Task
An exact retyping of all lines below is the answer; pictures do not belong in it.

Provided material
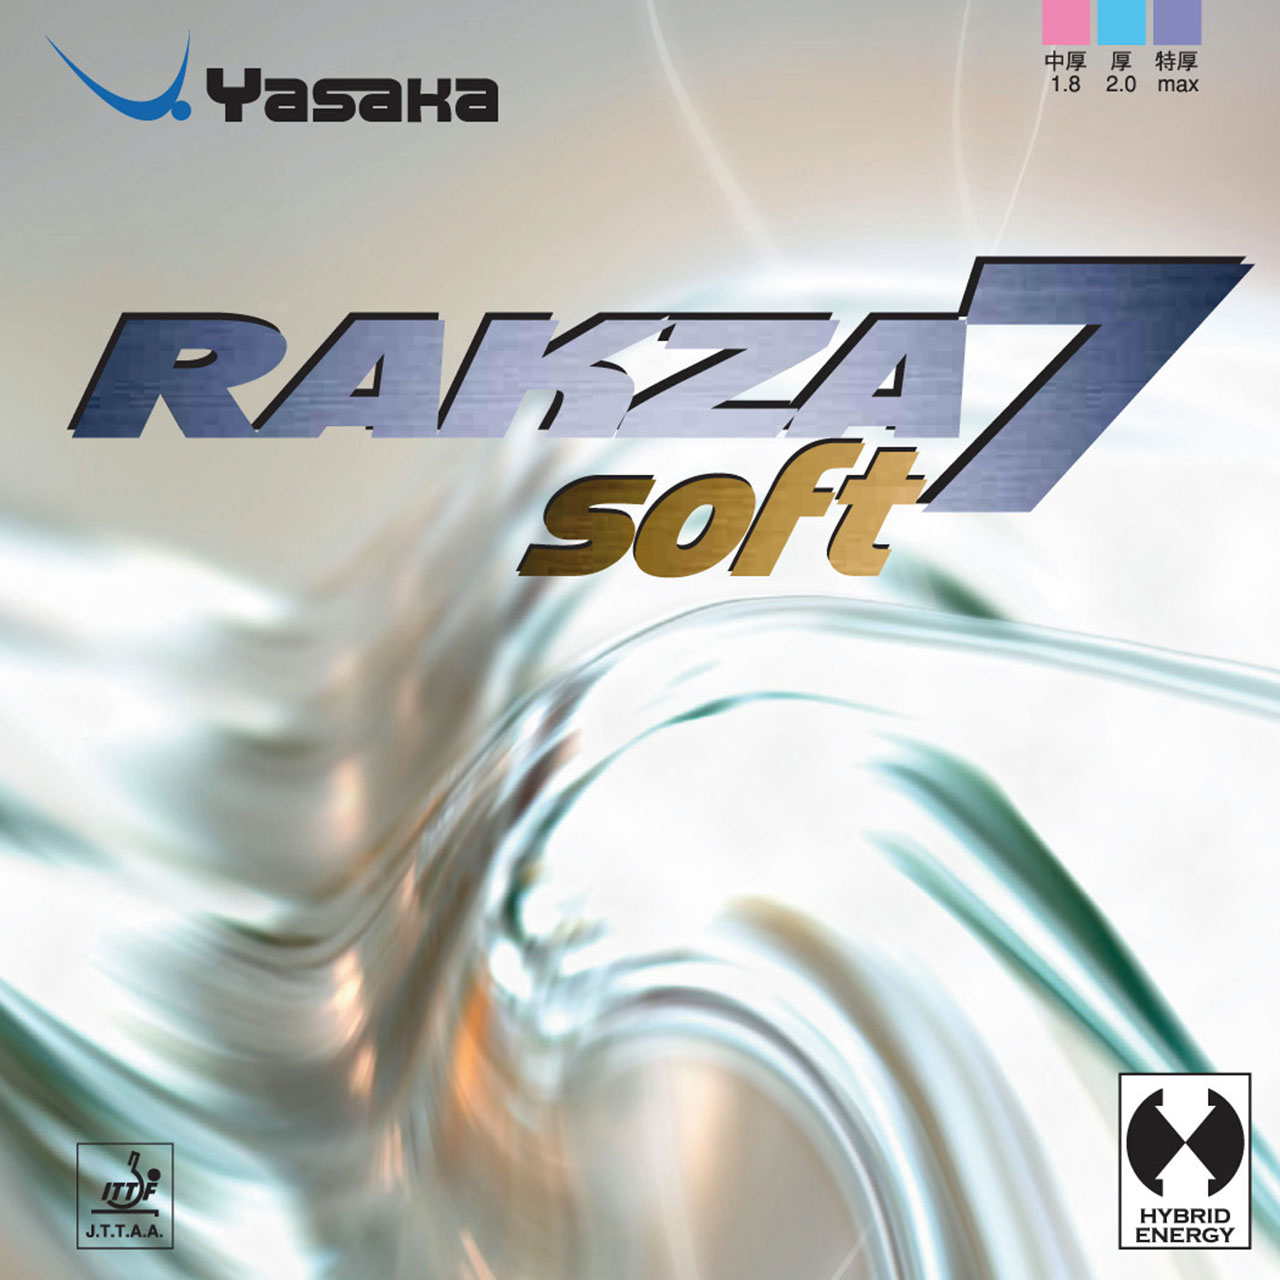 Накладка Yasaka Rakza 7 Soft max red
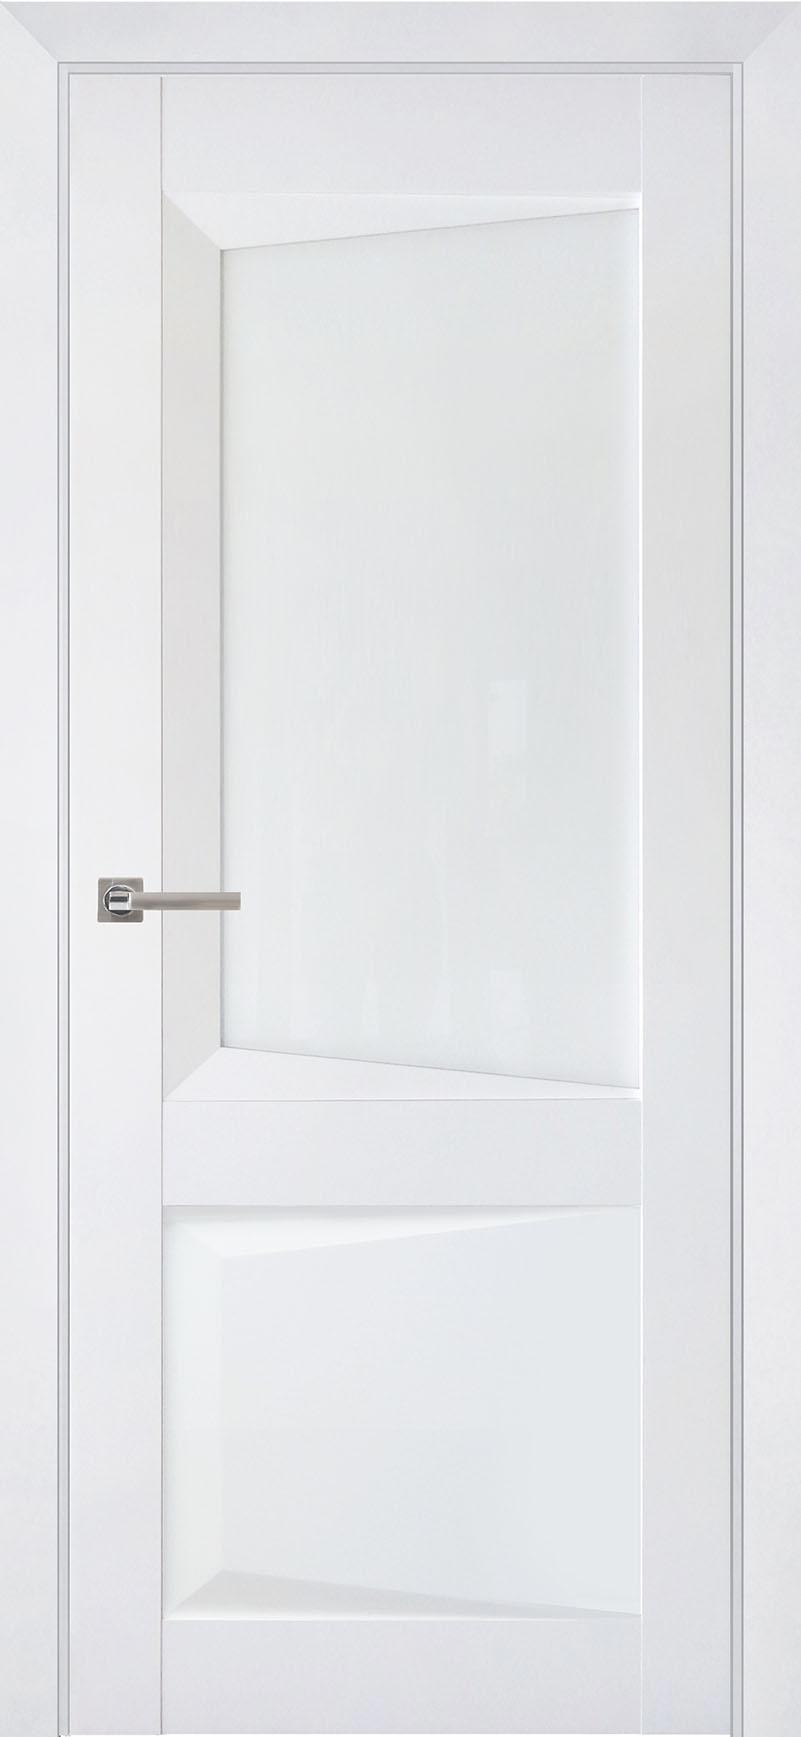 90903220 Межкомнатная дверь Перфекто 108 остеклённая без замка и петель в комплекте 200x60см белый STLM-0420046 UBERTURE
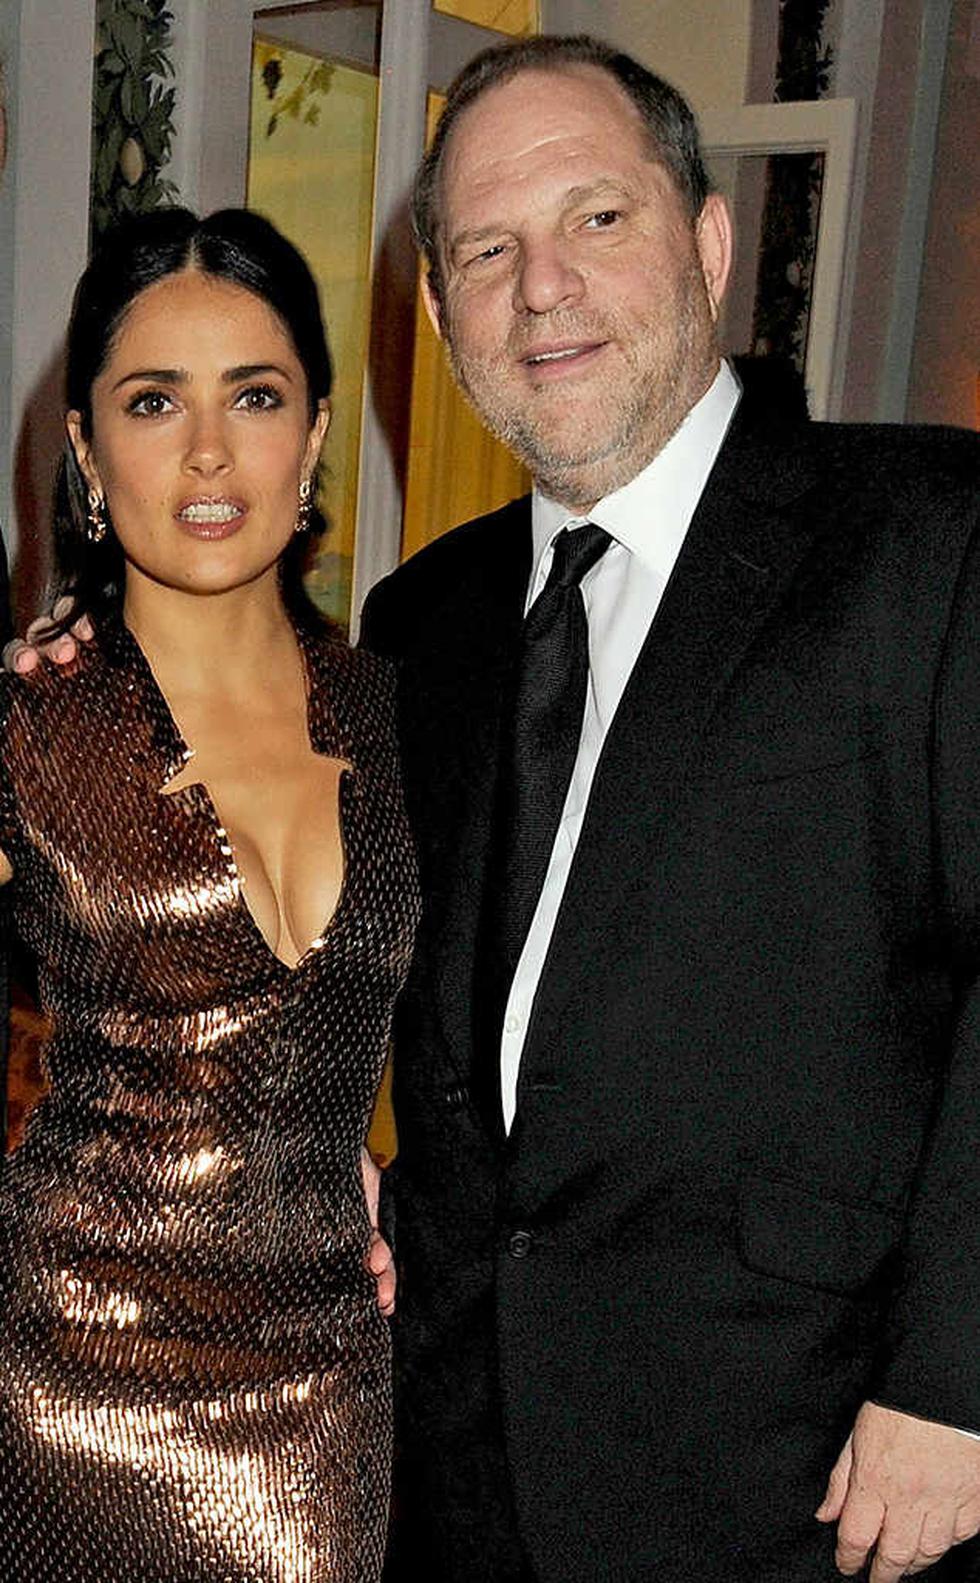 La actriz mexicana Salma Hayek sufrió acoso del productor de Hollywood  Harvey Weinstein.

Answer section
 Накладка Yasaka Rakza 7 Soft max red
 90903220 Межкомнатная дверь Перфекто 108 остеклённая без замка и петель в комплекте 200x60см белый STLM-0420046 UBERTURE
 La actriz mexicana Salma Hayek sufrió acoso del productor de Hollywood  Harvey Weinstein.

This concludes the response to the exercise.